Nonantola, De Gregori riparte dai club

Il tour internazionale prende il via dal Vox: "Ho sempre amato i posti piccoli"

Francesco  De Gregori

Francesco De Gregori

Nonantola (Modena), 13 ottobre 2017 - Ai tempi di ‘Banana Republic’ Francesco De Gregori è stato tra i primi a portare la canzone d’autore negli stadi mentre ora è uno dei più convinti a scartare di lato, come il bufalo della canzone, la dittatura dei grandi numeri e dei grandi palchi per accasare i suoi florilegi musical-letterari tra le quattro pareti di piccoli club. E proprio da un piccolo club, il Vox di Nonantola, nel Modenese, stasera alle 21 prende il via il tour internazionale dell’artista in bilico tra l’Europa e il Nordamerica.

«A me piacciono anche i posti piccoli, ho sempre amato i club, li ho già fatti e continuerò a farli» spiega l’autore di ‘Titanic’, 66 anni, che in scena sarà affiancato da Guido Guglielminetti al basso, Carlo Gaudiello alle tastiere, Paolo Giovenchi alle chitarre e Alessandro Valle alla pedal steel guitar e mandolino. E poi aggiunge, calcando la mano su quell’atmosfera semplice che si perde sotto ai grandi palchi e che, dopo anni di fama, va ancora ricercando tra gli sguardi del suo pubblico: «Quel suono un po’ ferroso fatto solo per chi sta lì in carne e ossa, magari con una birra in mano, e che ogni tanto esce a fumarsi una sigaretta quando faccio un pezzo che non gli piace. E che non si aspetta di rivedere tutto lo spettacolo in televisione un anno o un giorno dopo».

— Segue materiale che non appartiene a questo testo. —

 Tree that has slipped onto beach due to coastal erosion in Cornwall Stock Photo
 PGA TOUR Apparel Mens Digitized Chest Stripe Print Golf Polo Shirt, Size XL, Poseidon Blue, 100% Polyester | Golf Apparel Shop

In agenda dopo Nonantola ci sono città come Monaco, Zurigo, Bruxelles, Lussemburgo, Londra, Lugano e Parigi, in una cornice psicologicamente impegnativa come quella del Bataclan, ma pure, volando oltreoceano, Boston e New York.

«Mi incuriosisce la Town Hall, il teatro di Broadway che toccheremo a novembre. È un locale storico dove pare abbia suonato Dylan la prima volta che uscì dalla cerchia protetta dei piccoli club del Village – ricorda De Gregori –. Dylan è il mito americano, il rock, il folk, una figura lunare, collegata a quel mondo che conoscevo dai libri, la Beat Generation. Di suo metterò in scaletta anche un pezzo preso del mio ultimo disco di traduzioni. Può sembrare una stranezza andarlo a cantare in italiano davanti a un pubblico internazionale. Ma una sera a Parigi ho sentito Dylan cantare in inglese ‘Les feuilles mortes’ di Jacques Brel e da quel momento ho capito che si può fare tutto. Non credo che ci sia una gran differenza fra il nostro pubblico in Italia e quello che troverò a Monaco o a Londra o a Parigi. Anche lì è pieno d’italiani, e poi il mondo si è rimpicciolito, i linguaggi ormai si sono integrati».

La promessa è quella di sperimentare e incamminarsi su strade anche secondarie rispetto a quella maestra lastricata in quarantacinque anni di palcoscenico con pezzi entrati sottopelle a intere generazioni.

«Sono alla ricerca di un suono nuovo e lo sto cercando sul palco avventurandomi anche in esperimenti come quello di rinunciare per una volta alla batteria, che metto in atto in questa tournée – prosegue l’artista alla vigilia della prima data della lunga serie di concerti –. D’altronde sono un performer, uno abituato a stare sulla scena. Questo è il motivo per cui faccio ormai da tanto tempo questo mestiere e per cui, se non vado errato, ho inciso diciassette dischi dal vivo, contro i ventiquattro o venticinque in studio. E la particolarità è data anche dal fatto che incido meno dischi in studio di un tempo. Mi viene sempre più difficile, infatti, trovare cose che non ho detto. E poi, negli artisti di lungo corso come me, in un modo o nell’altro affiora sempre l’ansia di doversi confermare sui livelli di ciò che si è fatto… O almeno di ciò che la gente ritiene sia stato fatto in passato».